[Listed entries Boundary: Start]
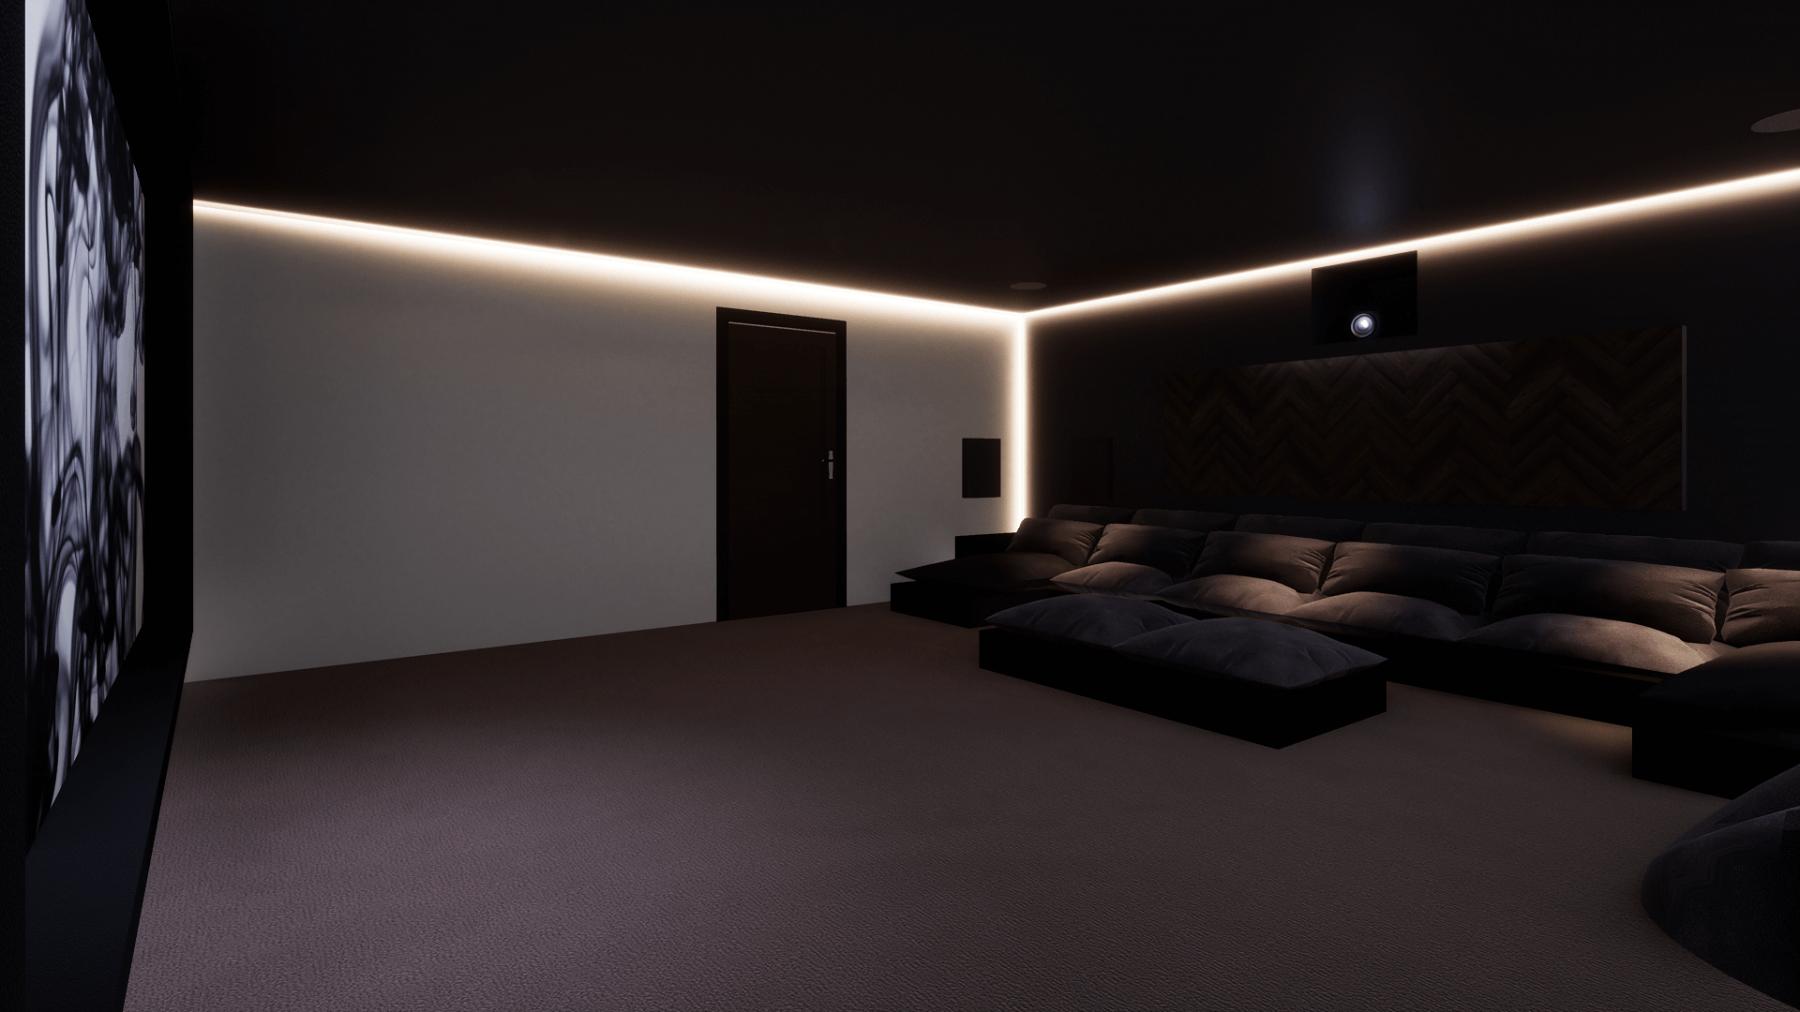 LED Cove Lighting in Cinema
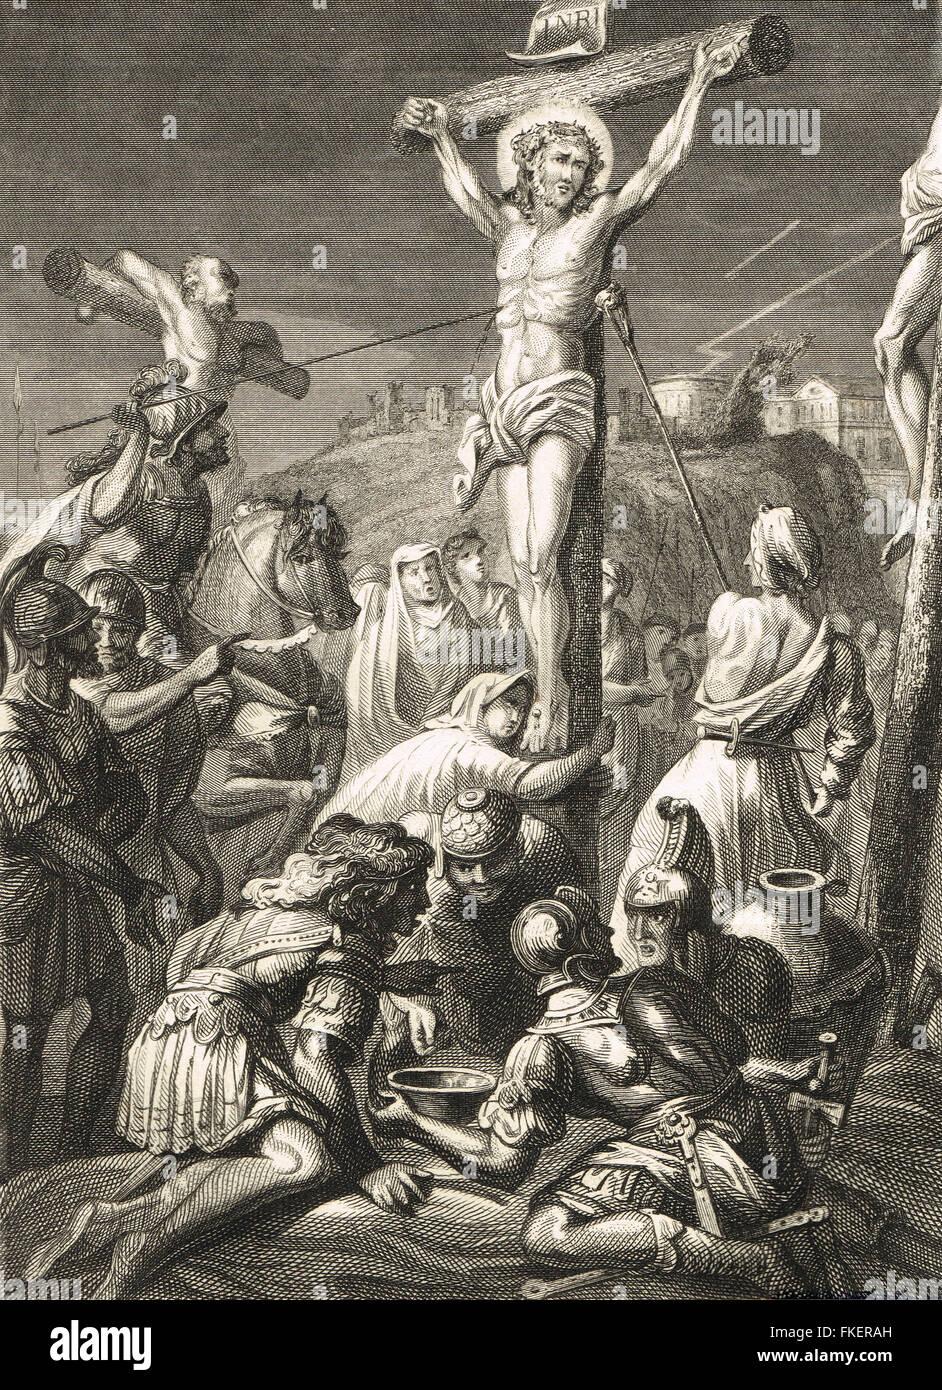 Kreuzigung Christi Gravur von 1839 Stockbild
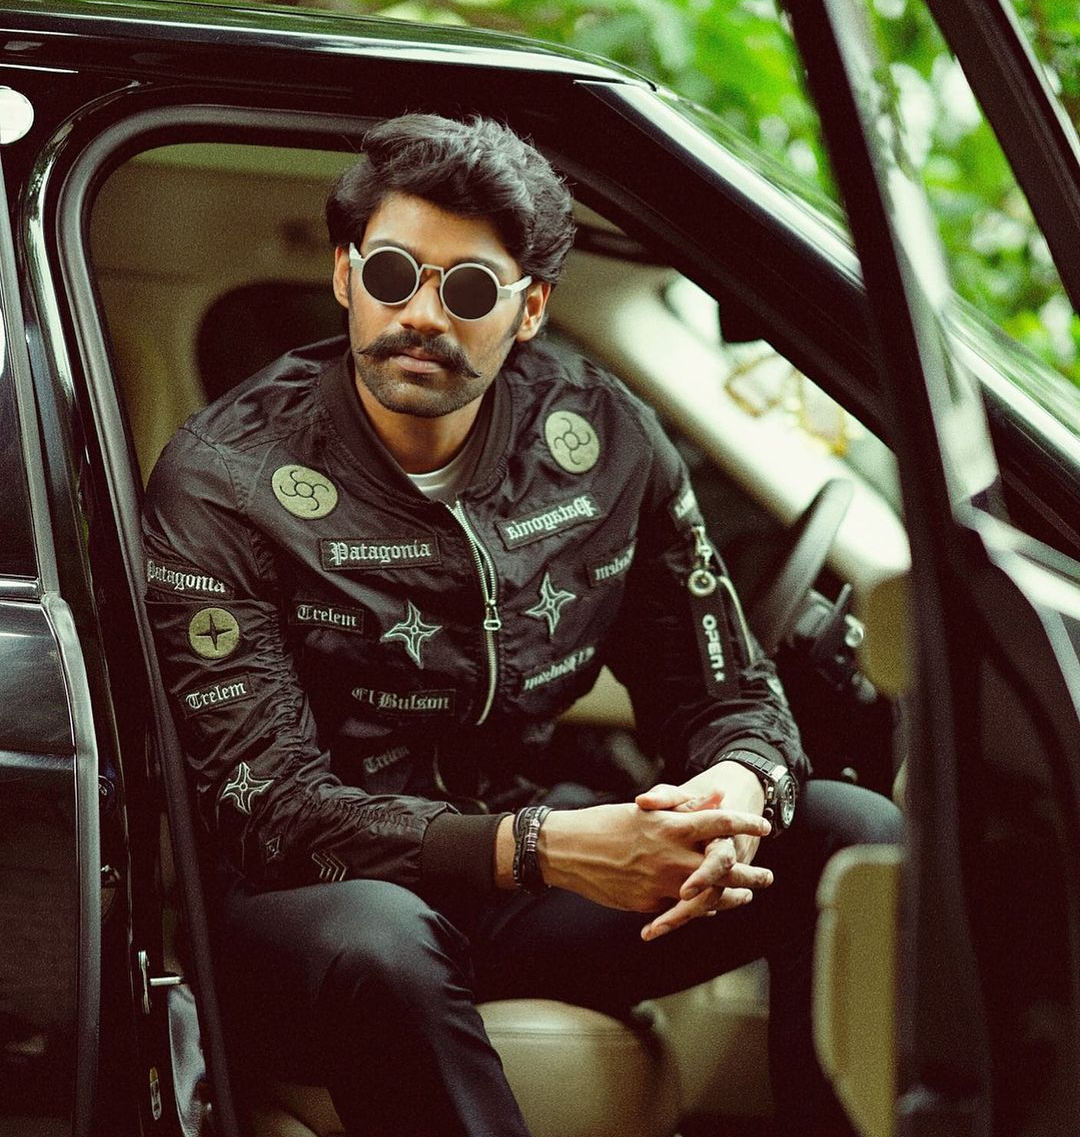 Bellamkonda Sai Srinivas In Official Remake Of Dhanush's Blockbuster Karnan
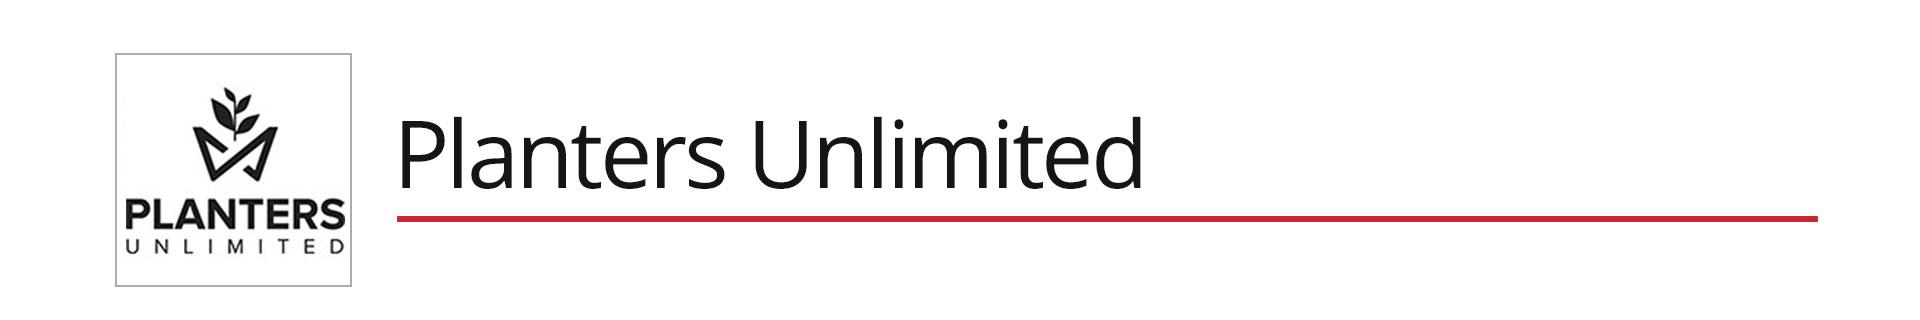 Planters-Unlimited_CADBlock-Header.jpg
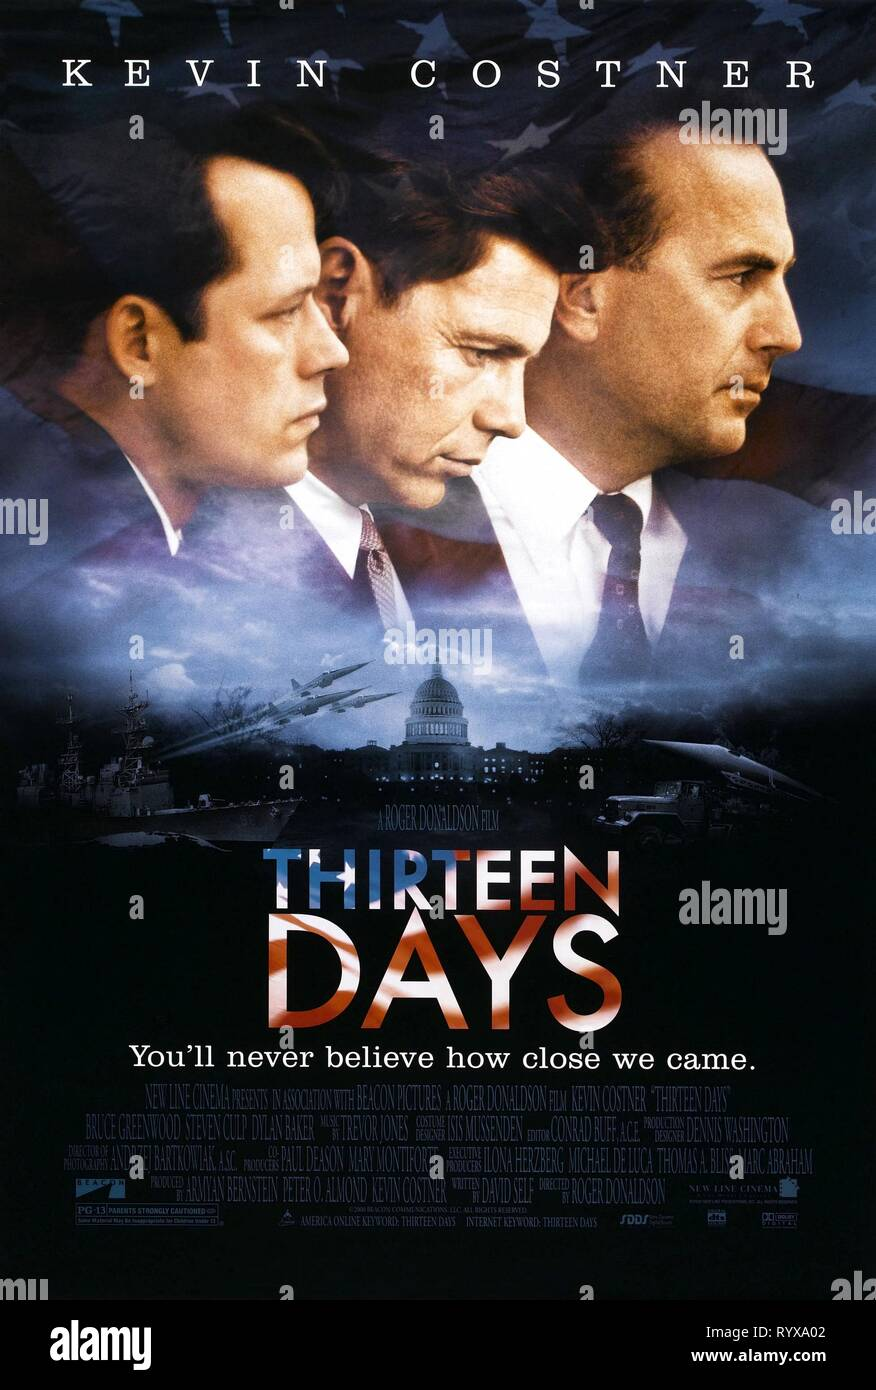 STEVEN CULP, Bruce Greenwood, Kevin Costner póster, trece días, 2000 Imagen De Stock
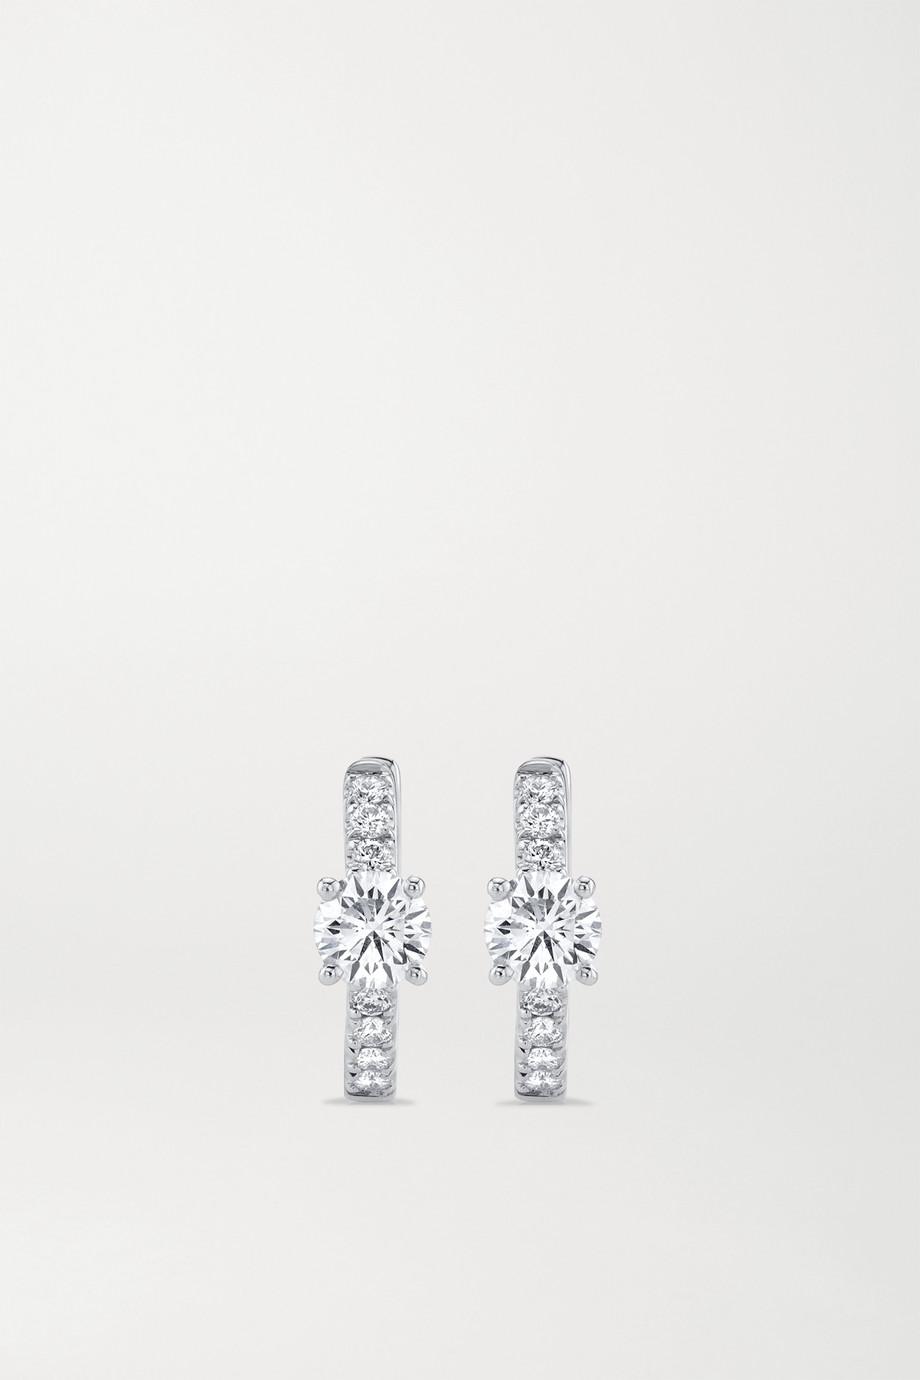 Anita Ko Huggies 18K 白金钻石耳环
[Listed entries Boundary: End]
## Assignment
Repeat the records above exactly, leaving out any pictures they contain.

## Expected answer
 LED Cove Lighting in Cinema
 Kreuzigung Christi Gravur von 1839 Stockbild
 Bellamkonda Sai Srinivas In Official Remake Of Dhanush's Blockbuster Karnan
 Planters-Unlimited_CADBlock-Header.jpg
 STEVEN CULP, Bruce Greenwood, Kevin Costner póster, trece días, 2000 Imagen De Stock
 Anita Ko Huggies 18K 白金钻石耳环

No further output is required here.